Mark Whitney, Head Cheesemaker and Creamery ManagerMark has 13 years of cheesemaking experience. Mark designed and operates a visitor compatible cheese production facility at Pineland Farms where he crafts small-batch award-winning cheeses. He is a five-time American Cheese Society award winner.

 

*Guest Houses are billed separately, but can be booked at the time of registration based on availability. Please contact Emily Marczak at emarczak@pinelandfarms.org or (207) 688-4691 for registration and questions.

Cheese Chicks!

Welcome to the first installment of “Cheese Chicks!”  The actual “cheese chicks” would be Debra (who already writes wonderful blogs here on how to cook all your fabulous, locally produced food) and myself, Lenore.  We are both home cheesemakers and want to share our experiences, experiments, and recipes with others who love cheese just as much as we do.  You don’t have to want to make cheese to enjoy our installments, but you do have to like eating cheese!  We will also be writing about local, fabulous cheese finds as we eat our way through the region.  Someone has to do it, so let us save you the calories!

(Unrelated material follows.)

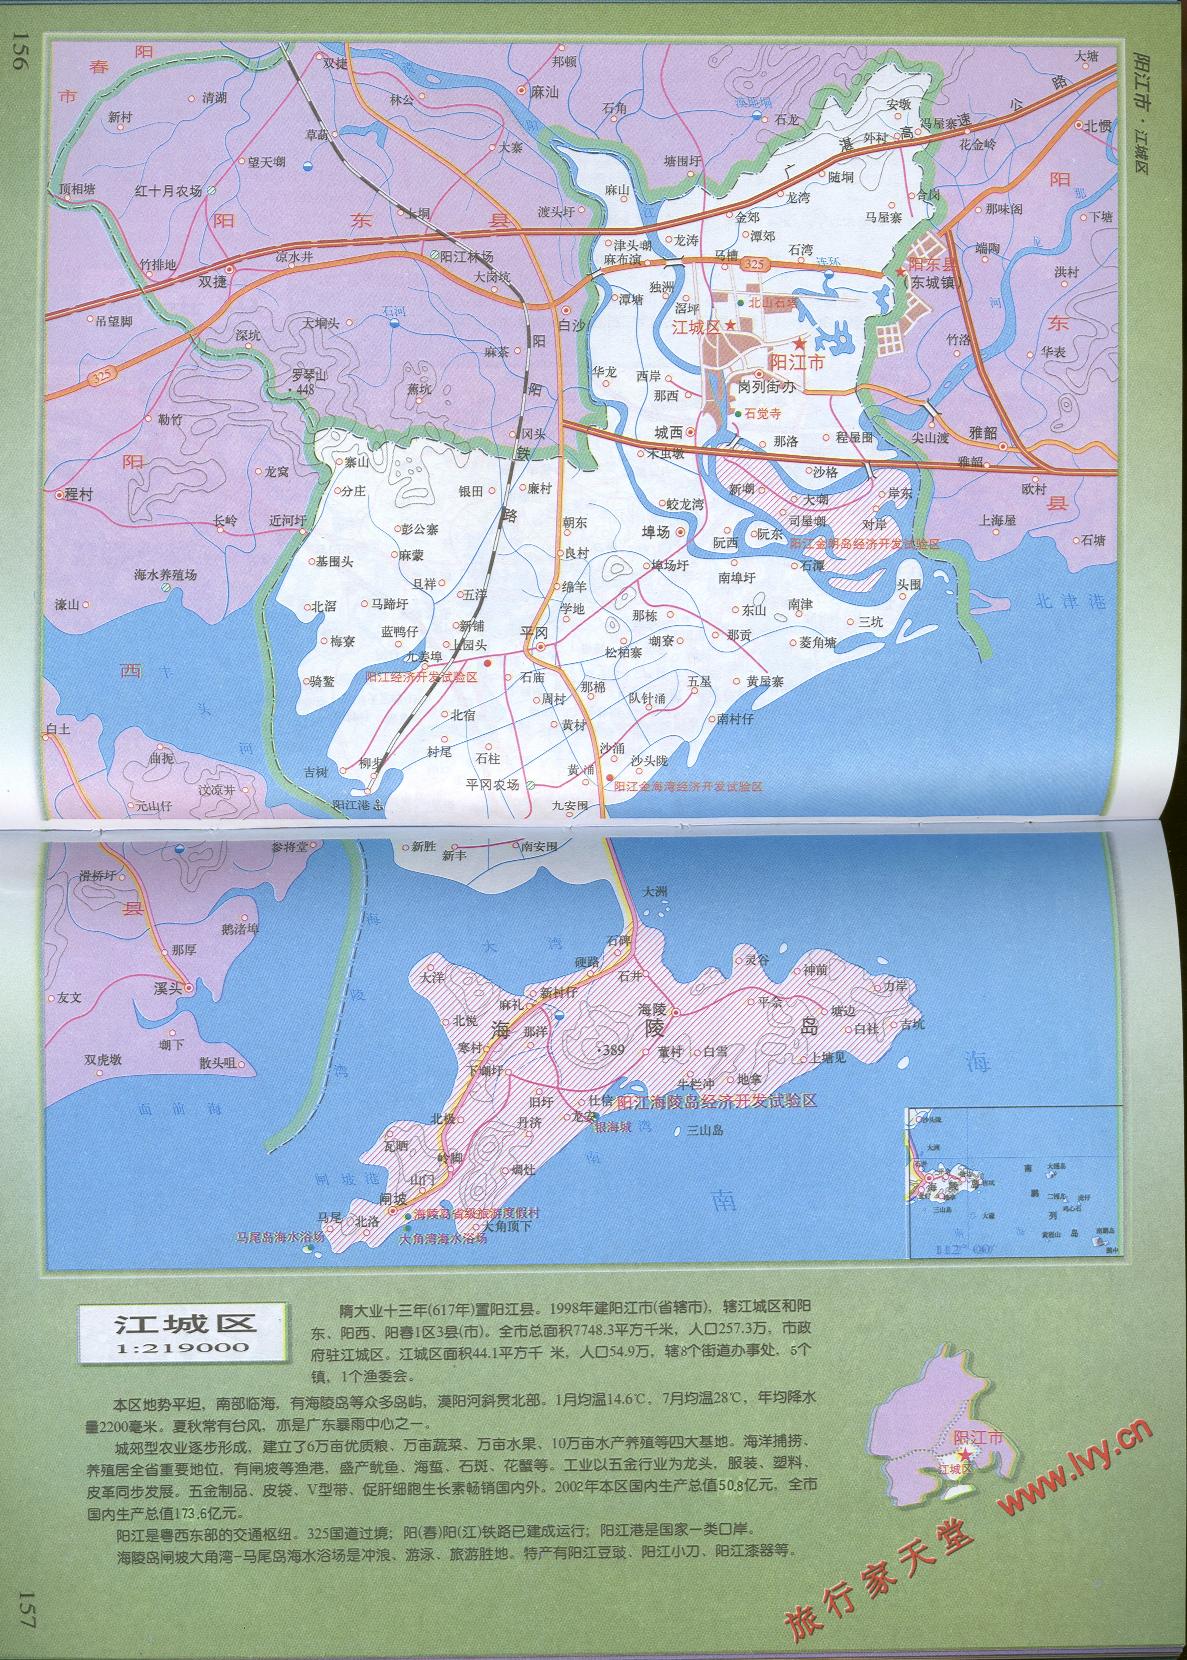 阳江市地图全图高清版下载|广东省阳江市地图高清版下载jpg格式_ 绿色图片

Debra and I met several years ago during one of Northwest Earth Institute’s sustainability workshops, called “Menu For the Future.”  During the last session, the group comes together to celebrate the experience, and I decided my contribution would be a homemade mozzarella cheese braid.  Now, I knew that Debra was a professional chef, so I was pretty nervous about bringing food in, but it turns out that she, and the entire class, loved it!  I learned that she had tried cheesemaking as well, and so our friendship began.  We have since shared many cheese successes, failures, and discoveries and we even began teaching cheesemaking together through the Kittery and Exeter Adult Education programs.  The classes sell out, they’re a blast to teach, and we’ve loved watching our students see the “magic” of turning milk into cheese.  We hope our students, and you the public, enjoy the upcoming installments of “Cheese Chicks!” as we continue to learn and discover all that is cheese.